本研究旨在利用多组学特征(包括放射组学和剂量组学)预测接受调强放疗(IMRT)的局部晚期肺癌(LALC)患者发生急性放射性食管炎(ARE)的等级≥2。
回顾性纳入了 2015 年至 2019 年期间接受放化疗(CRT)或 IMRT 放疗的 161 例 IIIA-IIIB 期 LALC 患者,处方剂量为 45-70 Gy。所有毒性分级均按照不良事件通用术语标准第 4.0 版进行。基于计划 CT 图像和三维剂量分布,提取了多组学特征,包括放射组学、剂量组学(包括剂量-体积直方图剂量学参数)。所有数据随机分为训练队列(N=107)和测试队列(N=54)。在训练队列中,通过随机患者抽样选择具有可靠高结果相关性和低冗余性的特征。使用 Ridge 分类器构建了四种分类模型(仅使用临床因素(CF)、仅使用放射组学特征(RFs)、仅使用剂量组学特征(DFs)以及包含临床因素、放射组学和剂量组学的混合特征(HFs)),其中三分之二的随机选择患者作为训练队列。其余患者作为测试队列。使用 30 次训练-测试拆分构建了一系列模型。使用 ROC 曲线下面积(AUC)和准确性评估它们的性能。
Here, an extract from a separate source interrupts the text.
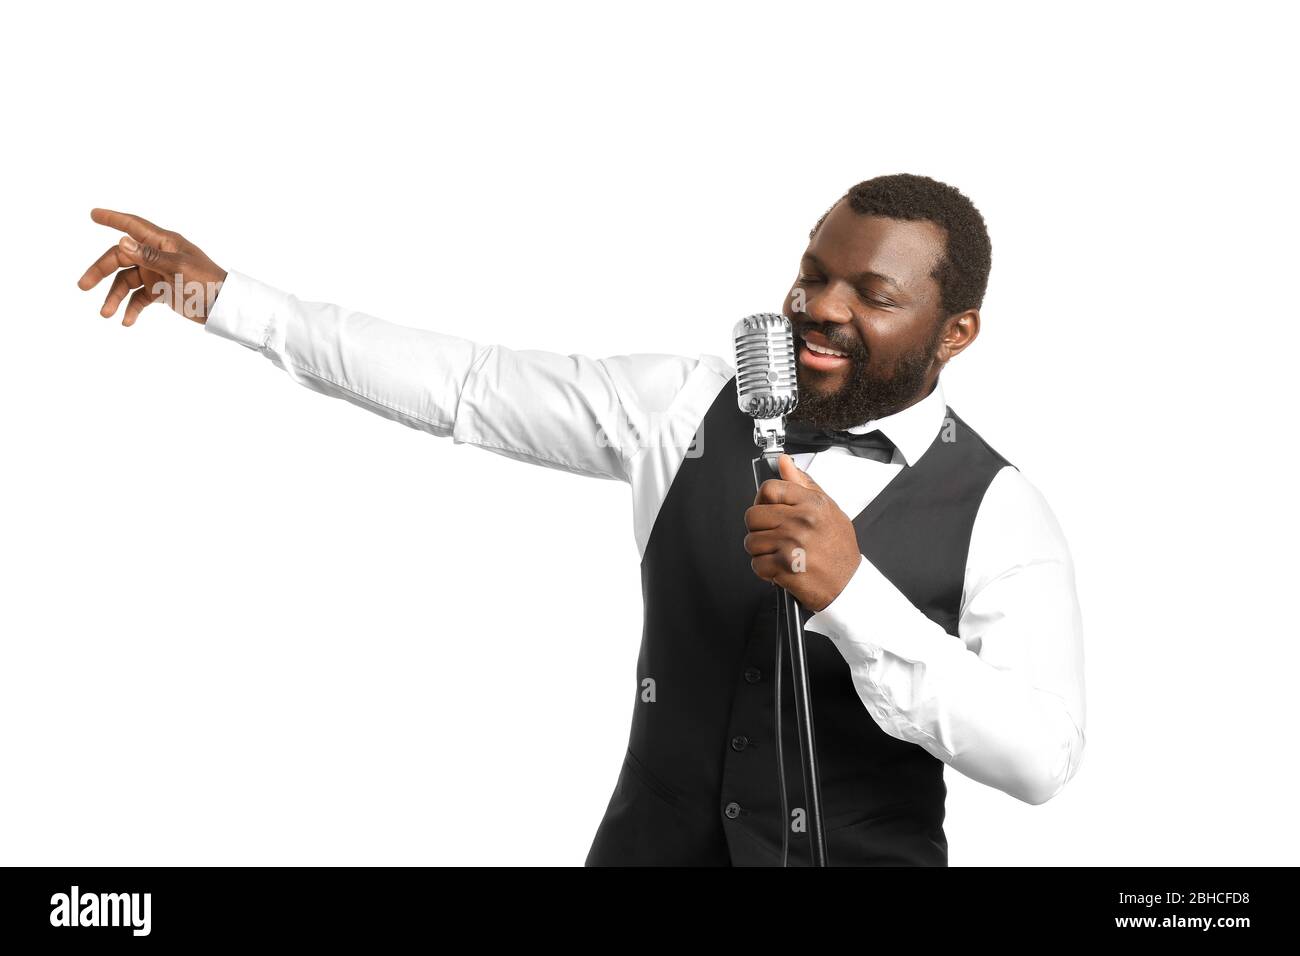 Male African-American singer on white background Stock Photo

在所有患者中,有 51 例发生 ARE 等级≥2,发生率为 31.7%。接下来,提取了 8990 个放射组学和 213 个剂量组学特征,在 CF、DF、RF 和 DF 模型中分别经过特征选择后,保留了 3、6、12 和 13 个特征。RF 和 HF 模型的分类性能相似,训练和测试 AUC 分别为 0.796±0.023(95%置信区间(CI)[0.79,0.80])和 0.801±0.022(95%CI[0.79,0.81])(p=0.74)。使用 CF 和 DF 特征的模型性能较差,训练和测试 AUC 分别为 0.573±0.026(95%CI[0.56,0.58])和 0.509±0.072(95%CI[0.48,0.53])和 0.679±0.027(95%CI[0.67,0.69])和 0.604±0.041(95%CI[0.53,0.63])(与前两种模型相比,p<0.001)。
在接受 CRT IMRT 的 LALC 患者中,可使用放疗前的放射治疗图像特征预测 ARE 等级≥2。为了预测 ARE,多组学特征与放射组学特征具有相似的预测能力;然而,剂量组学特征和临床因素的分类性能有限。